__Exercise brief__
Further down are entries; set down exactly and only the lines from the one with "People went out" up to and including the one with "My wife while in Strasbourg, France", dropping each picture.

__Source material__
== Segment start ==
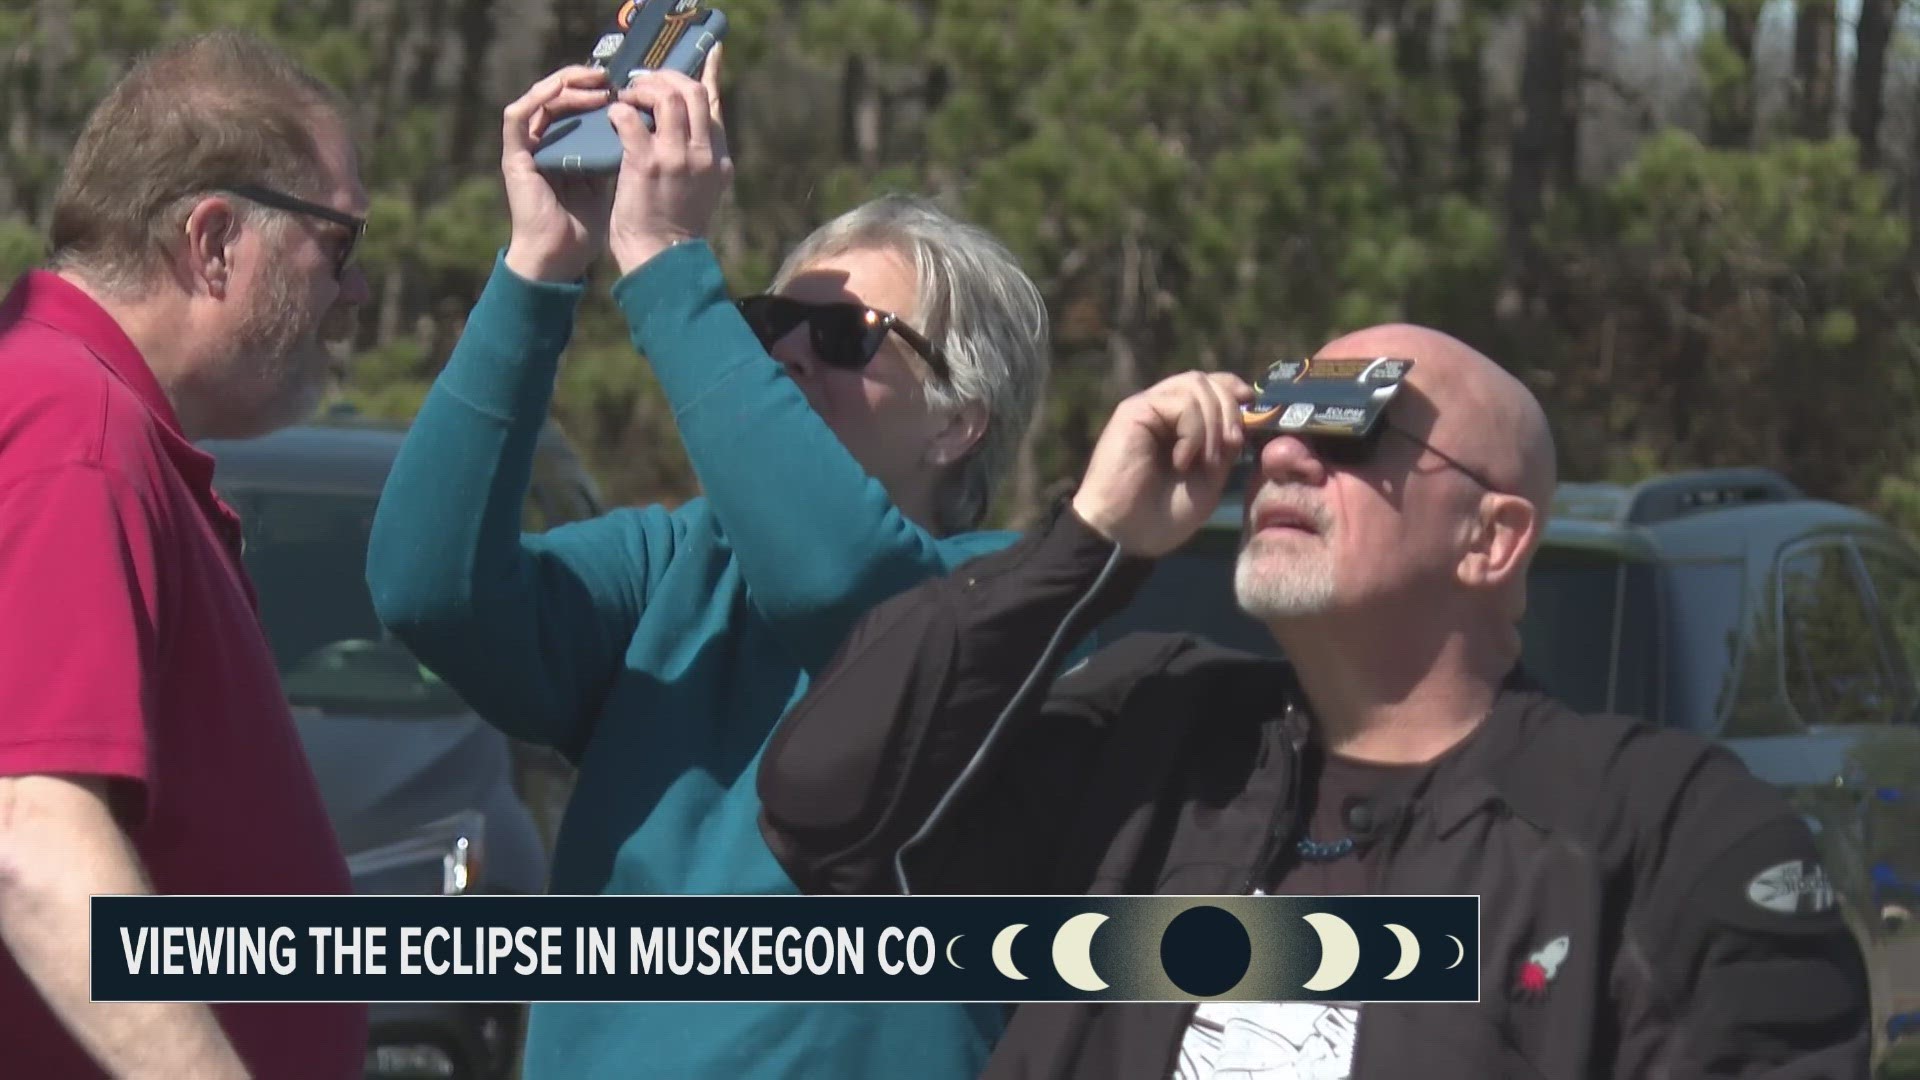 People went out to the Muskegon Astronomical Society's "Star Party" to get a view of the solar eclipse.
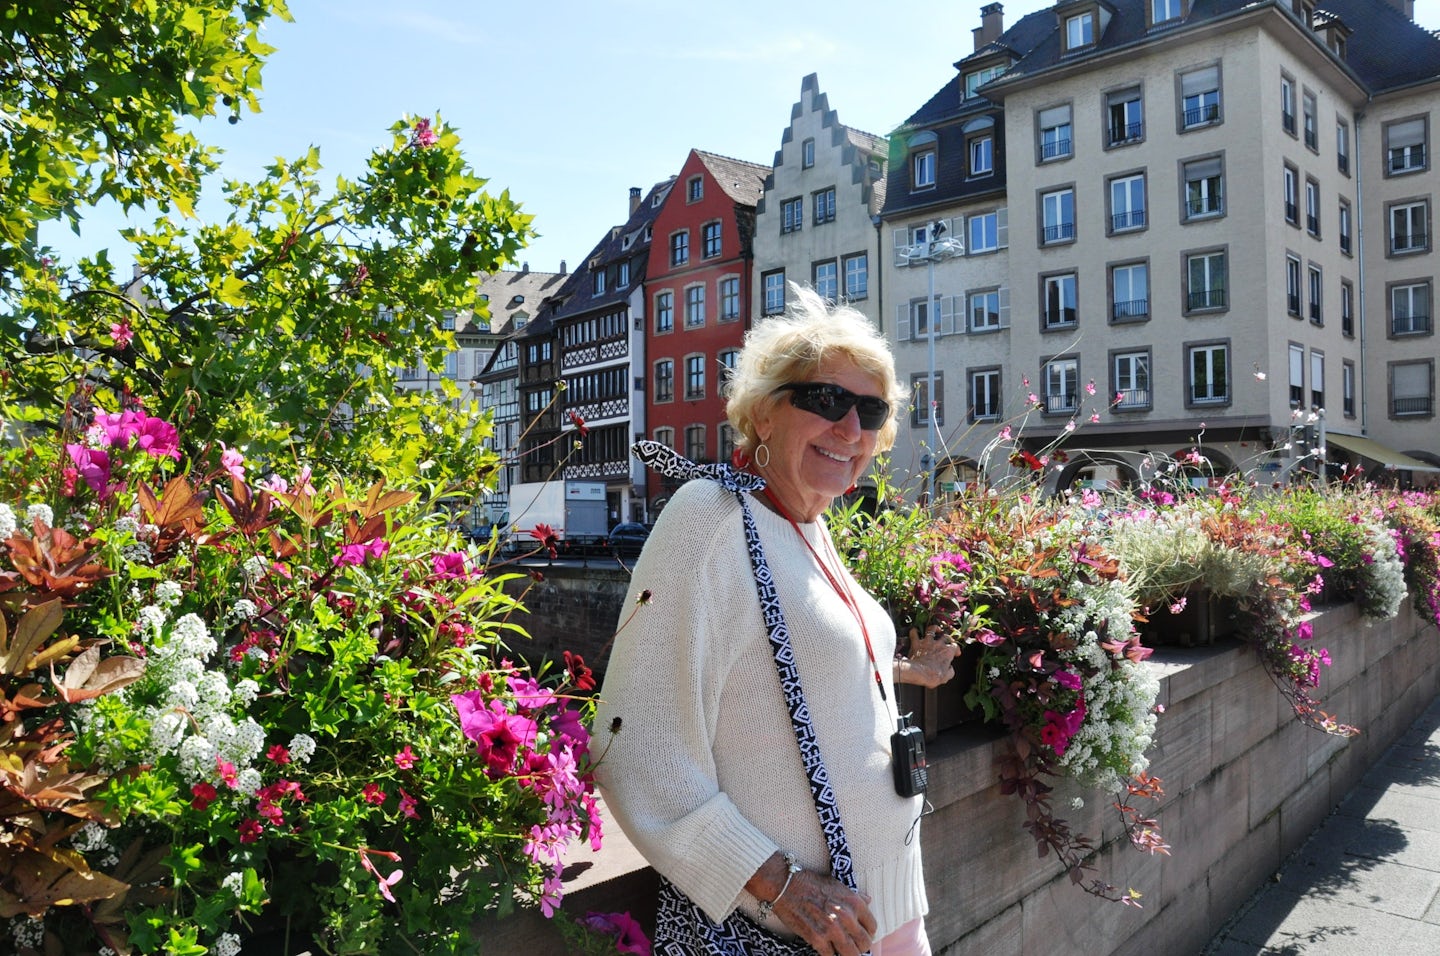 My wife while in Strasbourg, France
== Segment end ==
== Segment start ==
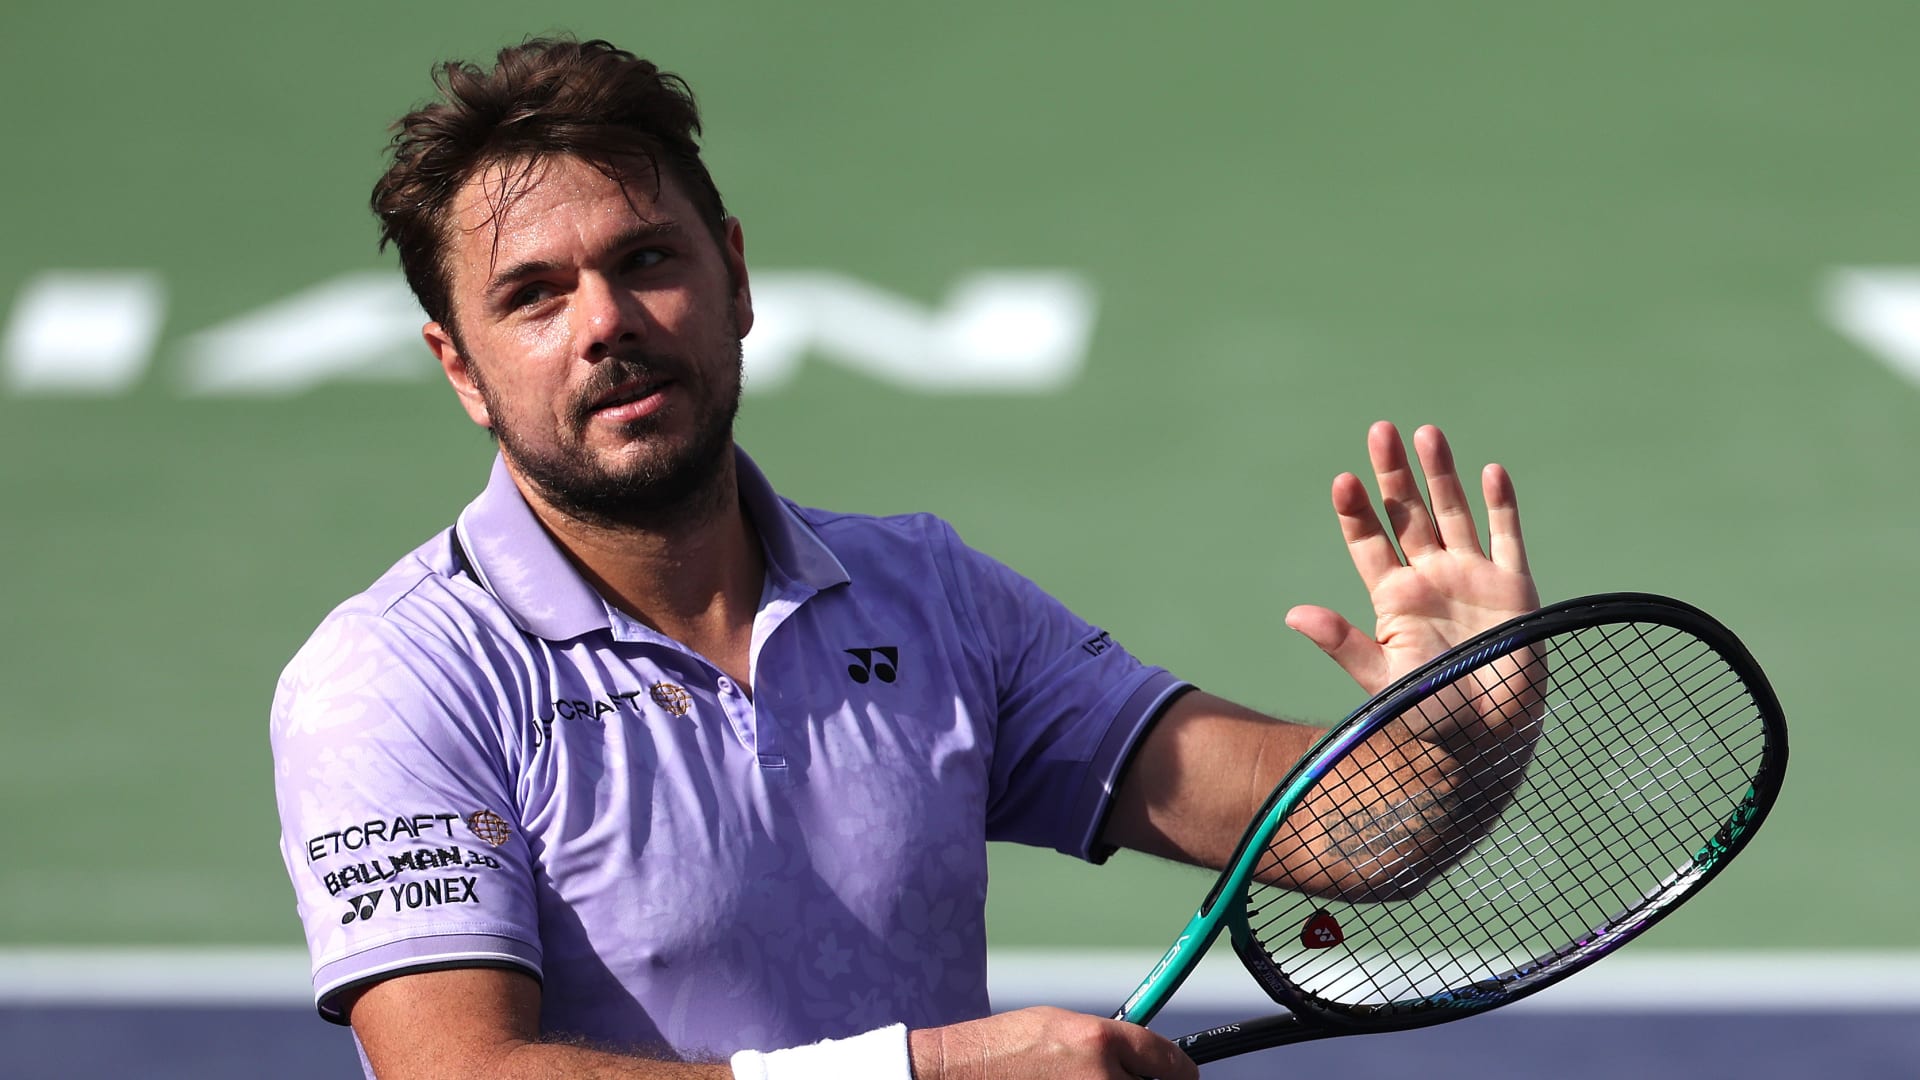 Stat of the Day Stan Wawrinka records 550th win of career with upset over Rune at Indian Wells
== Segment end ==
__Solution to the problem__
 People went out to the Muskegon Astronomical Society's "Star Party" to get a view of the solar eclipse.
 My wife while in Strasbourg, France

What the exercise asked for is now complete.